# got my cruze talk decal! And added CF to door sills and badges!



## plowman33 (Jul 20, 2011)

The CF definitely looks better than the chrome, especially with the gray car color.


----------



## Chefmaster87 (Mar 30, 2011)

Really cool I need one too!!


----------



## boats4life (May 28, 2011)

Really loving the carbon on the window sill instead of the chrome! I need to get on that wagon, lol.


----------



## Crewz (Jul 12, 2011)

Cool! Looks great. Nice legs. lol


----------



## plowman33 (Jul 20, 2011)

Crewz said:


> Cool! Looks great. Nice legs. lol


 
LOL, I'm a sucker for skirts...

:hitit:


----------



## CRUZETLHO (Jun 2, 2011)

Thanks lol 


:redface: I didn't know I was in the pics until I posted them.


----------



## CHEVYCRUZE RS (Mar 29, 2011)

lol, Nice legs ahah thats some funny ****. 
I hope I get my CruzeTalk decal


----------



## Senistr (Jul 28, 2011)

Did you take the window seals off to apply or did you just do it while they were on the car?


----------



## Robafett (Apr 25, 2011)

Really like the CF on the Badges... works on the windows too... on your's. I prefer the chrome on mine. To each their own. Wouldn't work on mine.


----------



## Robafett (Apr 25, 2011)

How do I get a CruzeTalk decal?


----------



## CRUZETLHO (Jun 2, 2011)

hey, so I did it with the chrome strips while they where on the car .

And there was a post in the forum that said if you write to the administrator and give your address they will mail you a sticker.


----------



## CRUZETLHO (Jun 2, 2011)

*where to get a sticker*

so I just looked it up for anyone looking for a sticker its in the chevy cruze news and reviews  forum. Hope this helps!!


----------



## Senistr (Jul 28, 2011)

Was it hard to put the vinyl on the chrome strips while it was on the car? I am curious because i've never done work like that before. I am just mostly a Computer Technician for the Us Army haha. Might not know much about cars but I can build you an award winning computer! =P


----------



## JASONandECHO (May 22, 2011)

Hey that's some sick work! I love the carbon fiber. Great work! -Jason


----------



## Dwnshft (May 16, 2011)

Looks awesome! Not sure how it would look on black though.
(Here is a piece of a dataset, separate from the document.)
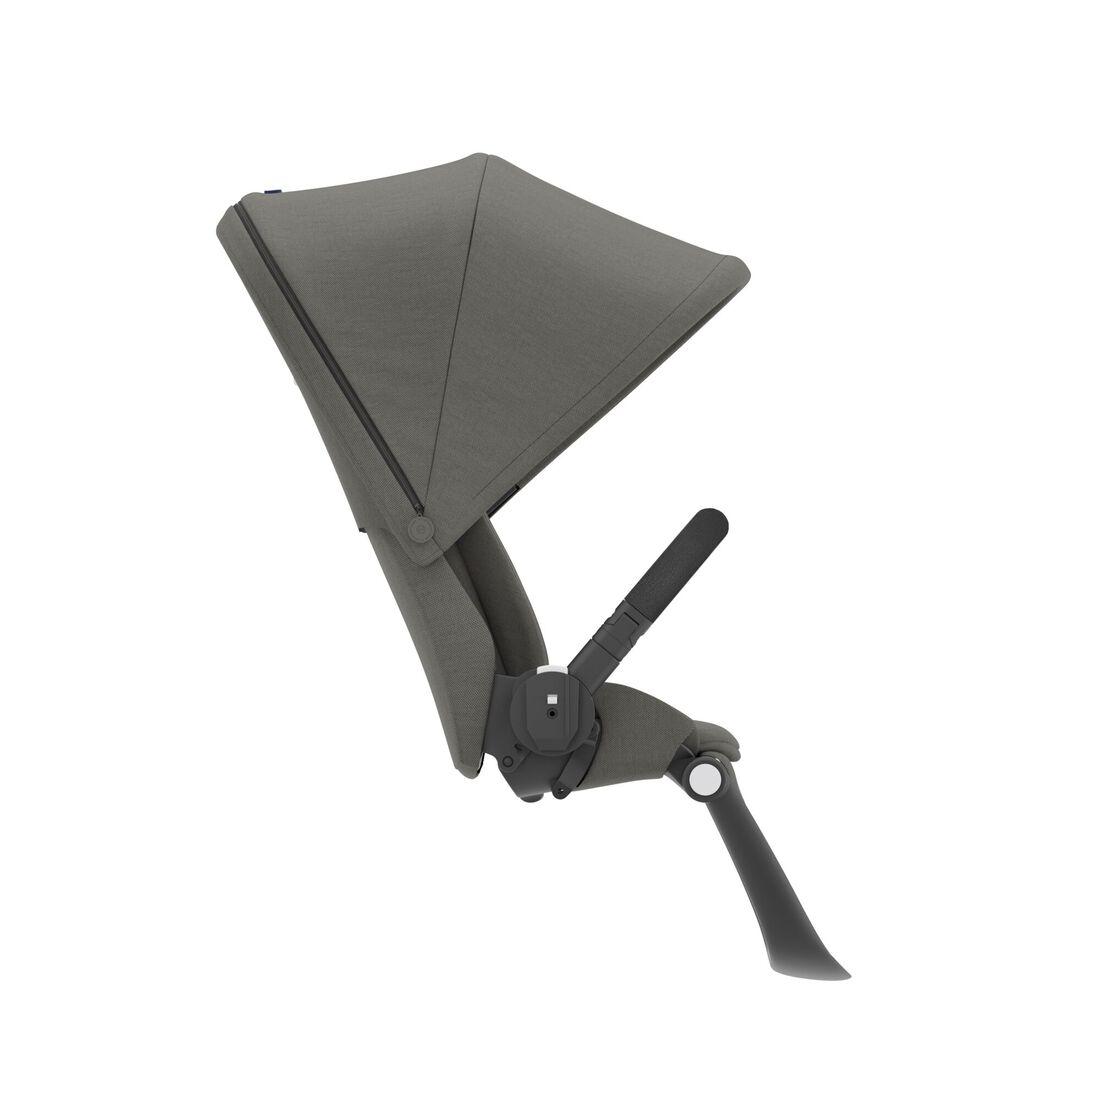 CYBEX Gazelle S Seat Unit - Soho Grey (Black Frame) in Soho Grey (Black Frame) large image number 2

I didn't even noticed your legs...lol...I must be too much of a car guy! Lol


----------



## CRUZETLHO (Jun 2, 2011)

Senistr said:


> Was it hard to put the vinyl on the chrome strips while it was on the car? I am curious because i've never done work like that before. I am just mostly a Computer Technician for the Us Army haha. Might not know much about cars but I can build you an award winning computer! =P


 

no I didnt't find it to hard at all . Just take your time lol . Its very rewarding when its done because you dont have to see the chrome anymore


----------



## CRUZETLHO (Jun 2, 2011)

*Thanks*

Just wanted to say thanks for everyones input .


----------



## cruzeman (Mar 13, 2011)

How did u cut the vinyl while applying to car? Had to be hard I would think


----------



## GoldenRS (Nov 11, 2010)

I'm wondering the same thing if my CruzeTalk sticker will ever come as it was promised...

I was told by the ADMIN over 4 months ago they would be coming out shortly to be sent to the addresses provided when we did our galleries/garages..

:uhh: GoldenRS is waiting...:wub:


----------



## CRUZETLHO (Jun 2, 2011)

cruzeman said:


> How did u cut the vinyl while applying to car? Had to be hard I would think


 I just used a precison knife, and it wasnt that hard.
 when you apply the wrap press it into the creases and then follow that line. Hope this helps


----------



## cruzeman (Mar 13, 2011)

CRUZETLHO said:


> I just used a precison knife, and it wasnt that hard.
> when you apply the wrap press it into the creases and then follow that line. Hope this helps


just got a 1x7 pc of cf so im ready to give it a go!!!!


----------



## CRUZETLHO (Jun 2, 2011)

GoldenRS said:


> I'm wondering the same thing if my CruzeTalk sticker will ever come as it was promised...
> 
> I was told by the ADMIN over 4 months ago they would be coming out shortly to be sent to the addresses provided when we did our galleries/garages..
> 
> :uhh: GoldenRS is waiting...:wub:


Did you try writing them again asking why you havent received it yet? Maybe even try resending the info . I sent them my info and within a week or two I had my sticker (not trying brag or anything) Iam sure you will get it soon enough


----------



## CRUZETLHO (Jun 2, 2011)

cruzeman said:


> just got a 1x7 pc of cf so im ready to give it a go!!!!


Good luck ! Iam sure you will do just fine  Let me know how it goes, and post some pics please


----------



## Senistr (Jul 28, 2011)

Maybe have a picture walkthrough lol


----------



## GoldenRS (Nov 11, 2010)

CRUZETLHO said:


> Did you try writing them again asking why you havent received it yet? Maybe even try resending the info . I sent them my info and within a week or two I had my sticker (not trying brag or anything) Iam sure you will get it soon enough


Goodpoint..Just sent the ADMIN a friendly reminder..:eusa_clap:


----------



## GFO_Hoffi (Jun 5, 2011)

like the cut of those legs  
also the car hehe


----------



## boats4life (May 28, 2011)

GFO_Hoffi said:


> like the cut of those legs
> also the car hehe


Late to the creeper party, lol.


----------